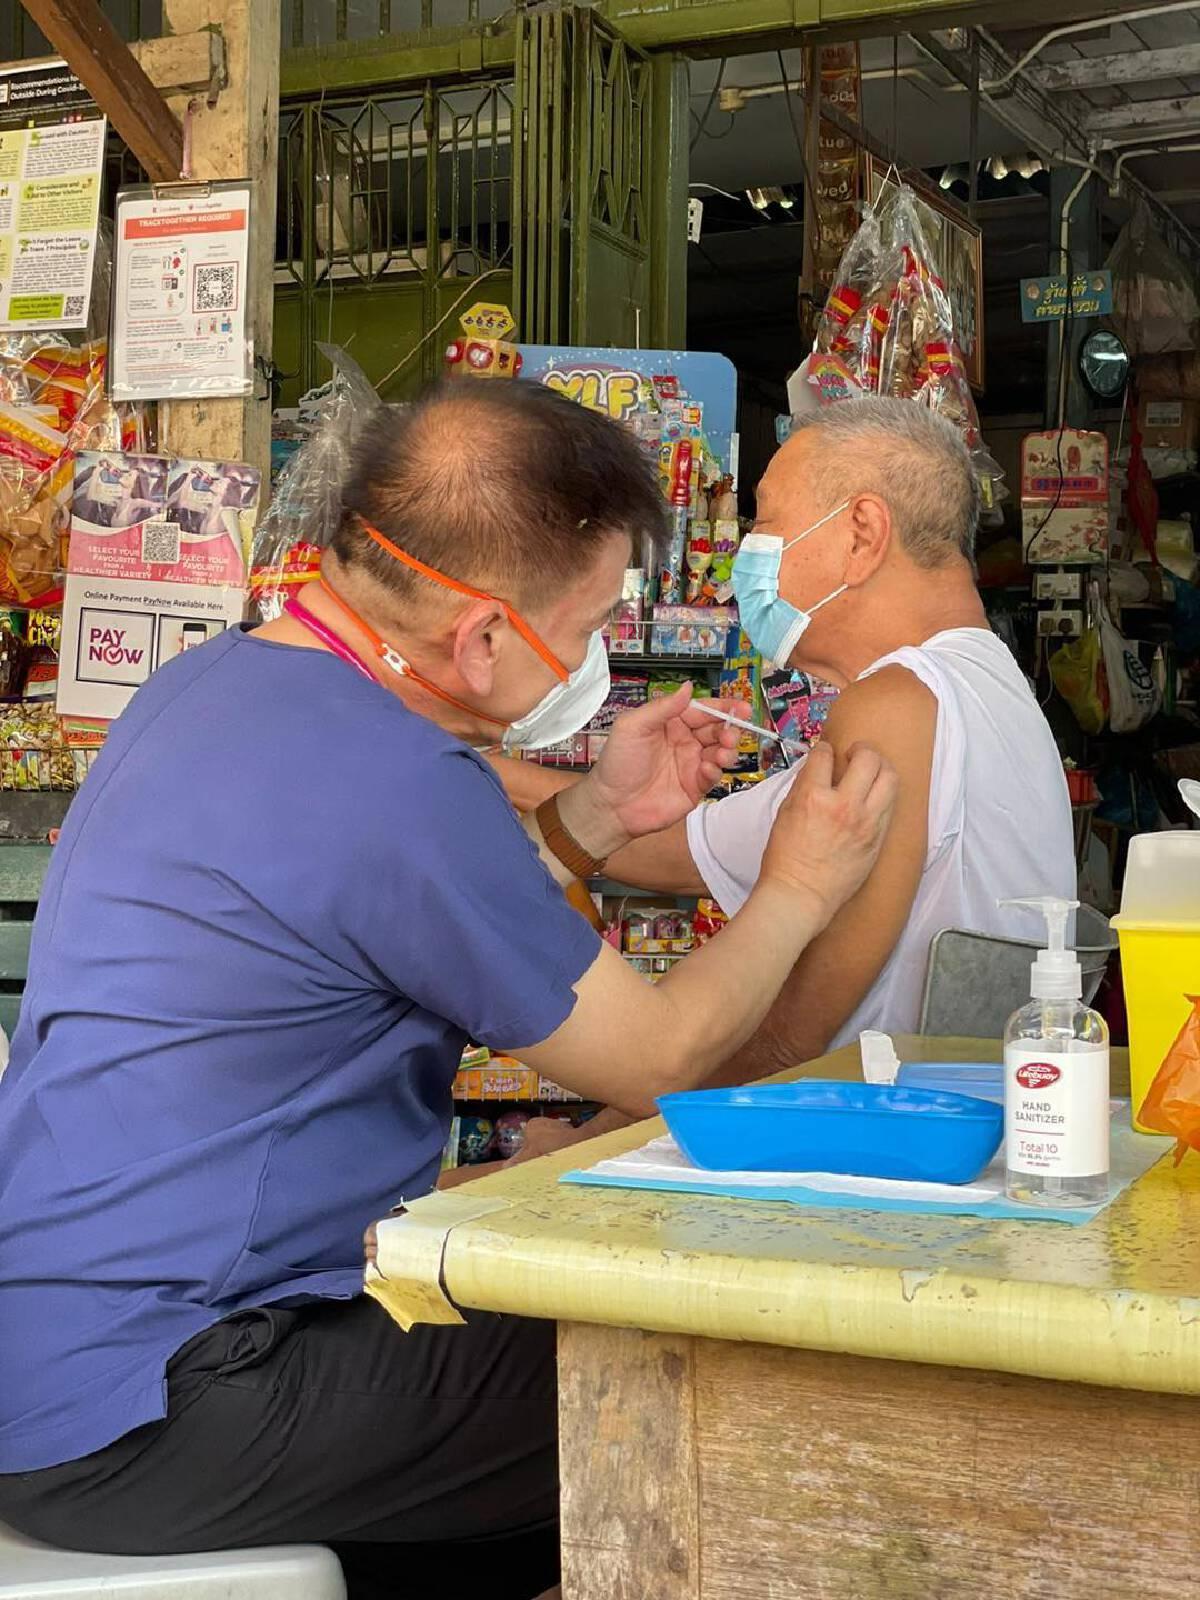 สิงคโปร์ฉีดวัคซีนโควิดแล้ว 80% มากที่สุดในโลก
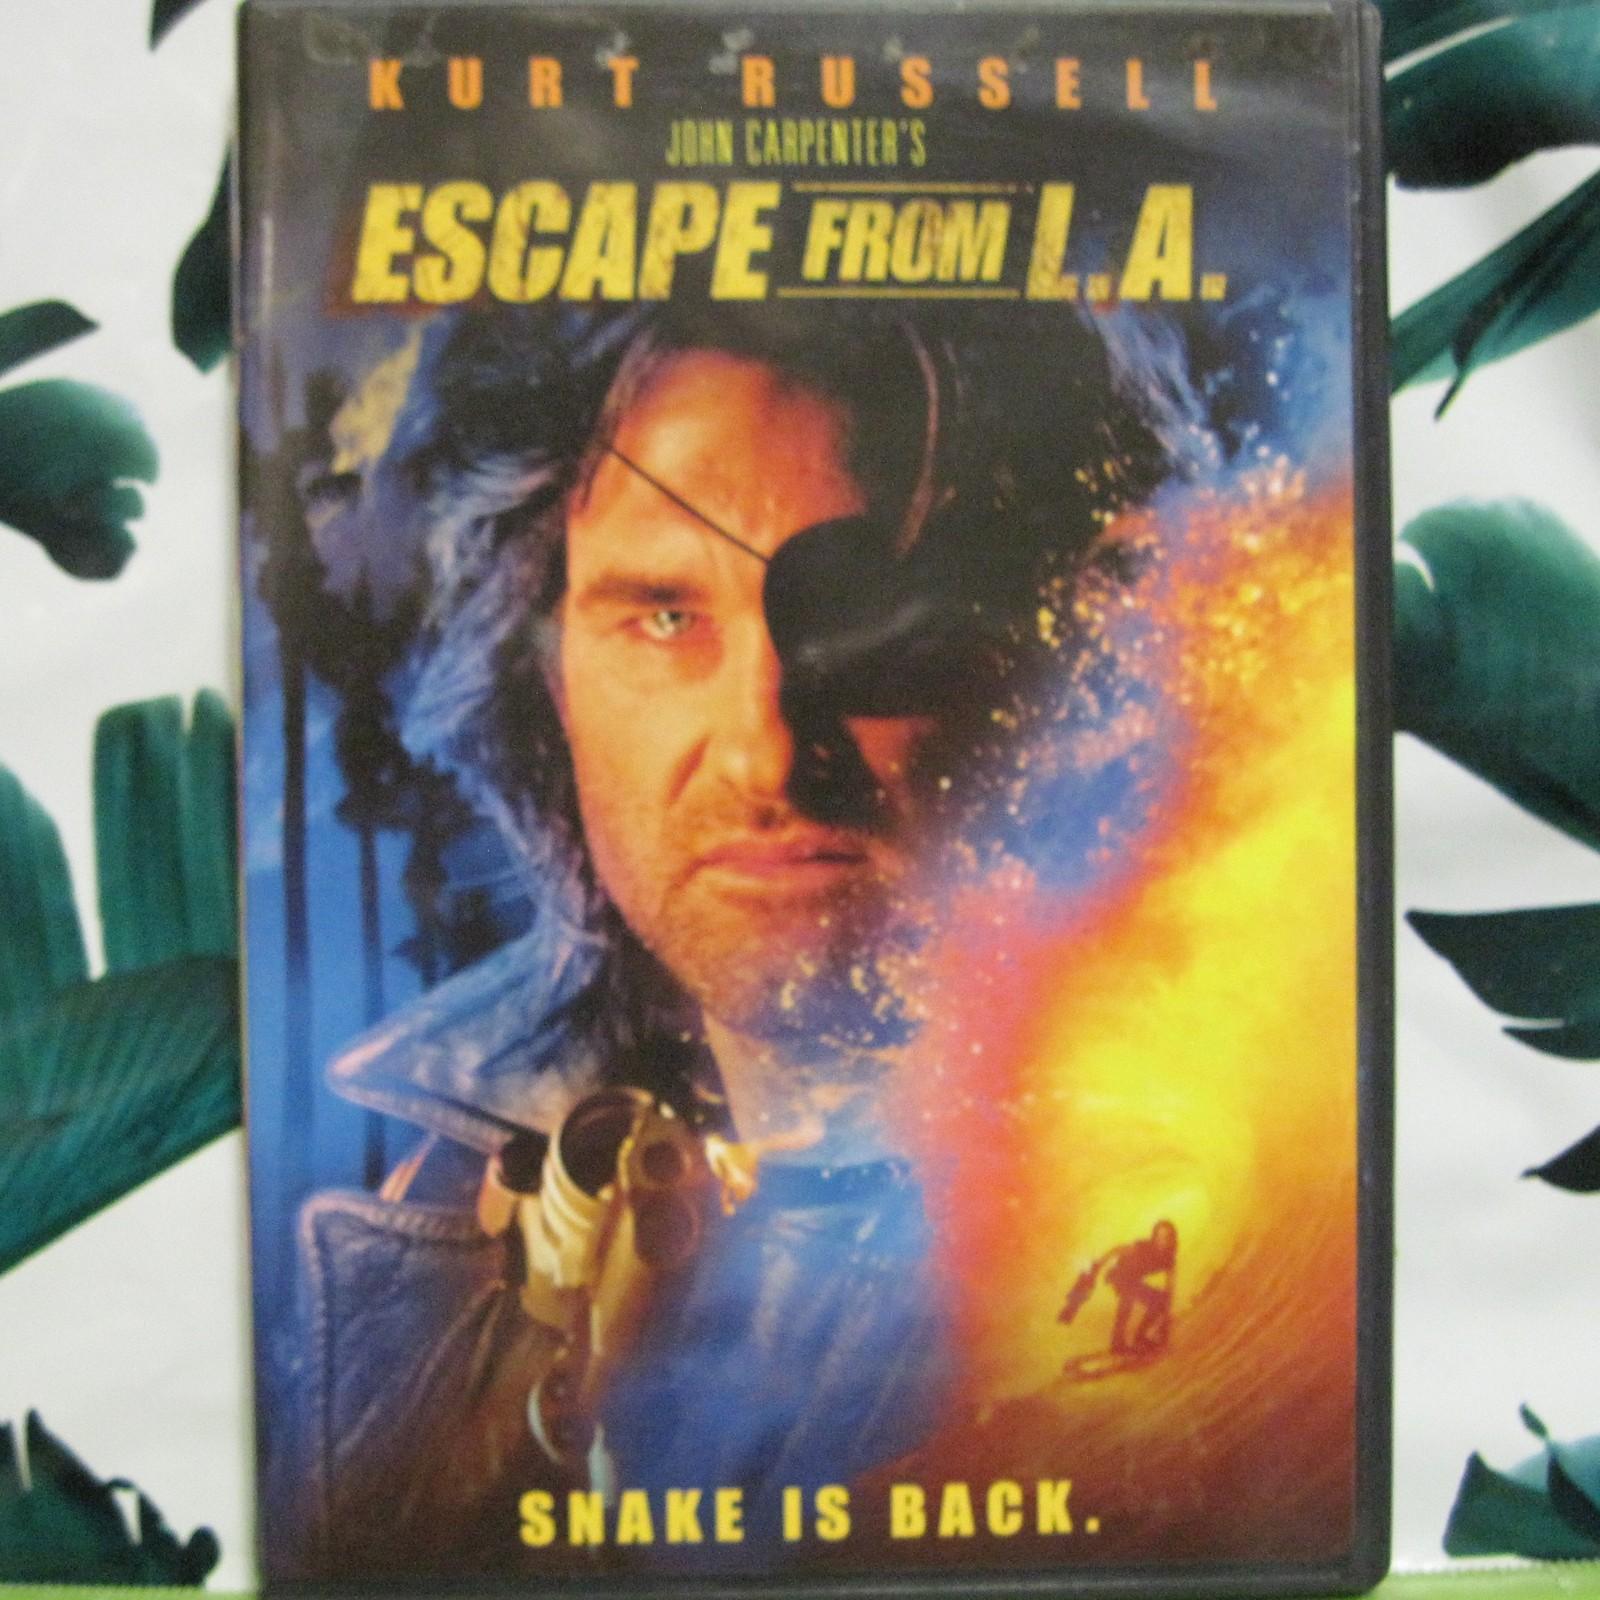 DVD Escape From L.A. Kurt Russell Stacy Keach Steve Buscemi Widescreen
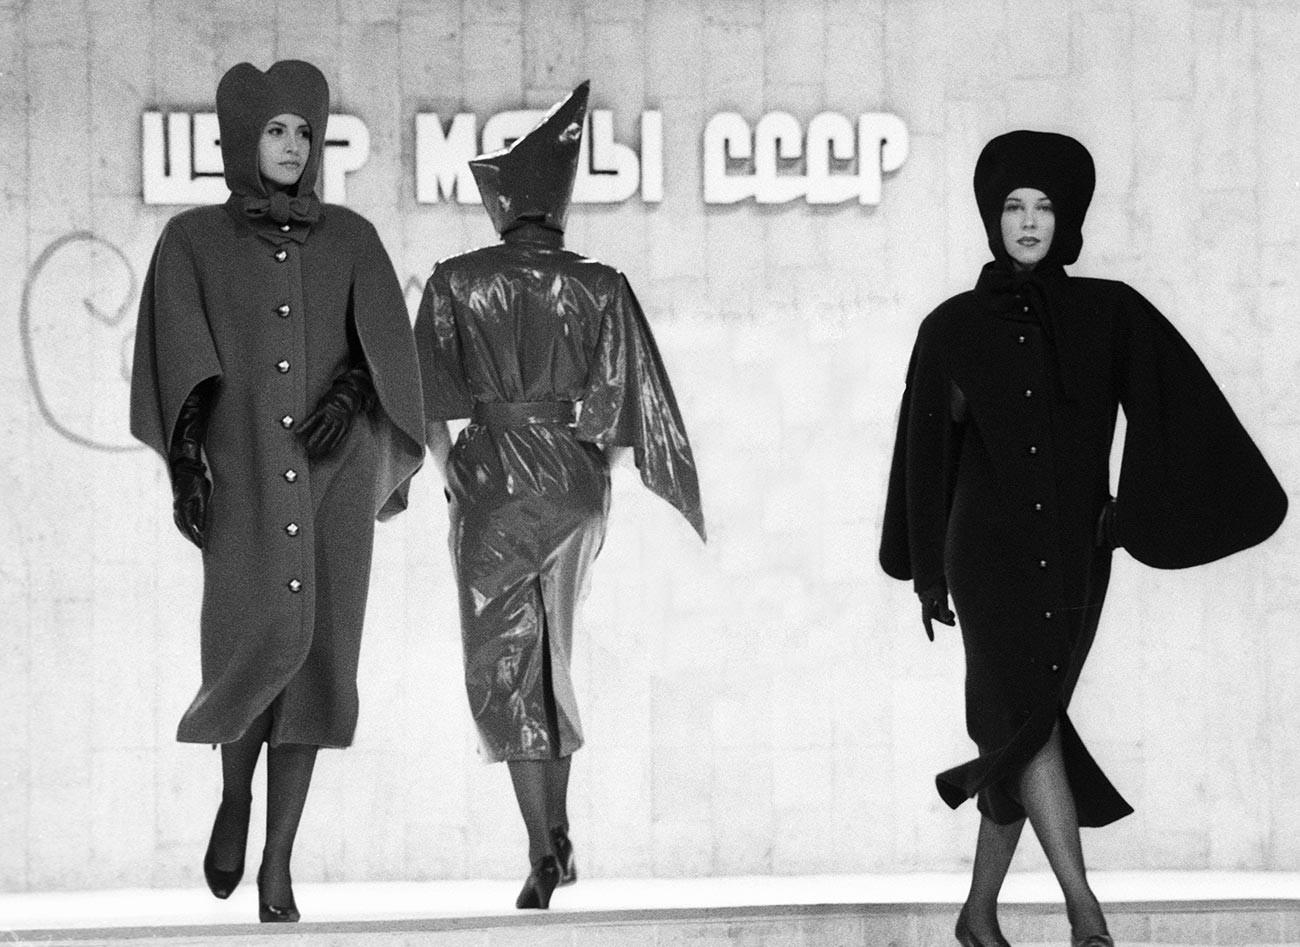 Modelos en la pasarela mostrando abrigos en el desfile del diseñador francés Pierre Cardin en Moscú, 1989
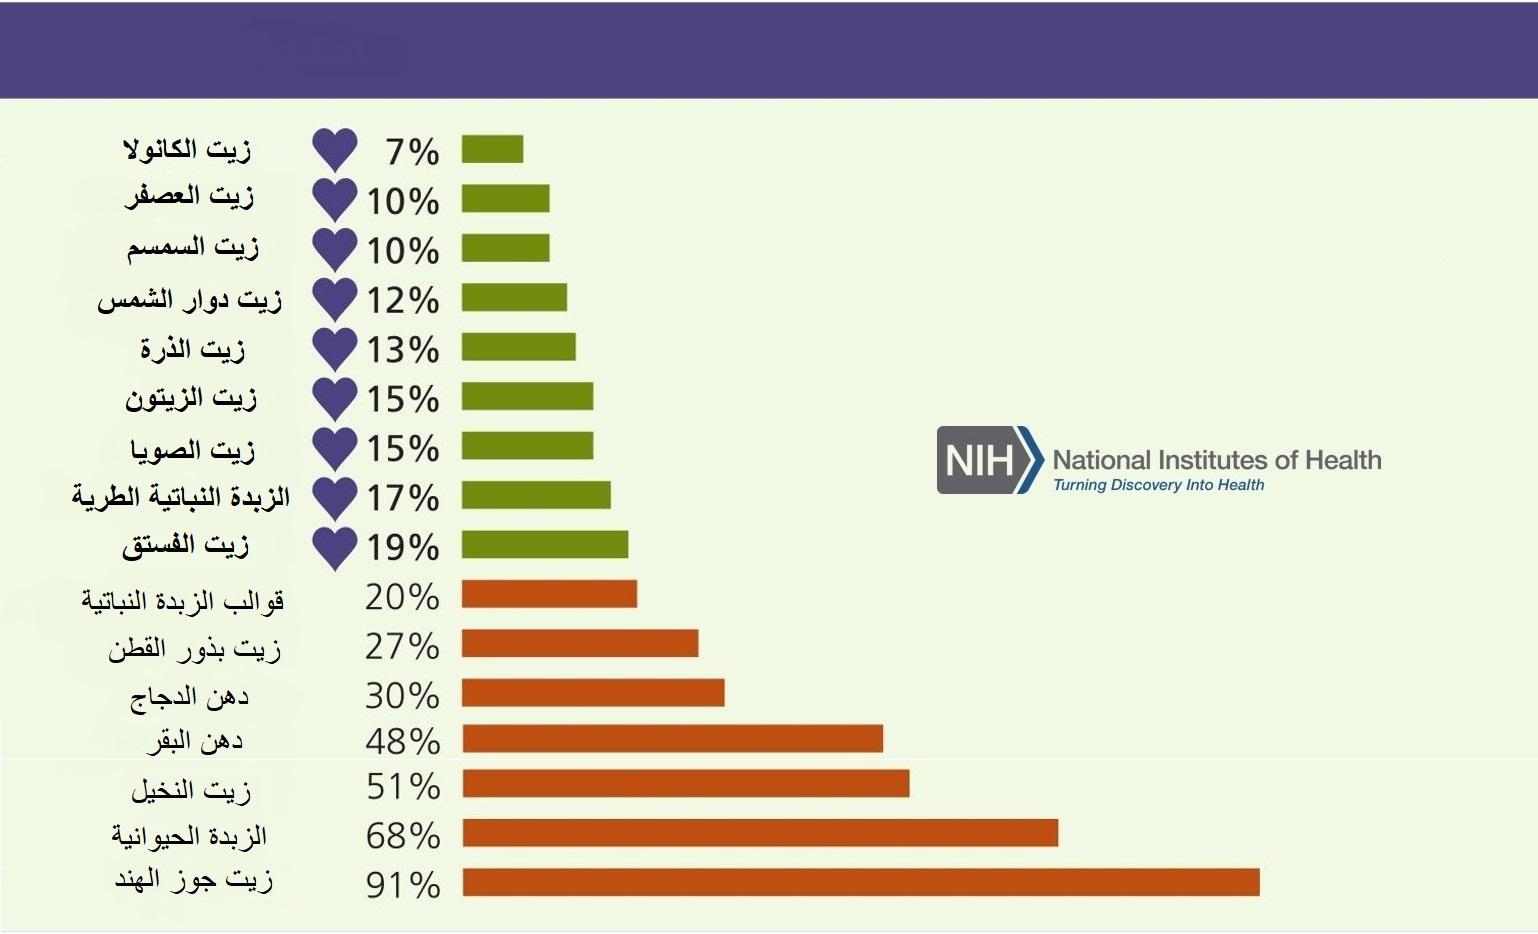 نسبة الدهون المشبعة في بعض الدهون و الزيوت, كلما قلت النسبة كلما كانت المادة اقل ضرر على صحة القلب و الأوعية الدموية

What is expected: Without the pictures, copy the material exactly as given.

Finished exercise:
 สิงคโปร์ฉีดวัคซีนโควิดแล้ว 80% มากที่สุดในโลก
 DVD Escape From L.A. Kurt Russell Stacy Keach Steve Buscemi Widescreen
 Modelos en la pasarela mostrando abrigos en el desfile del diseñador francés Pierre Cardin en Moscú, 1989
 نسبة الدهون المشبعة في بعض الدهون و الزيوت, كلما قلت النسبة كلما كانت المادة اقل ضرر على صحة القلب و الأوعية الدموية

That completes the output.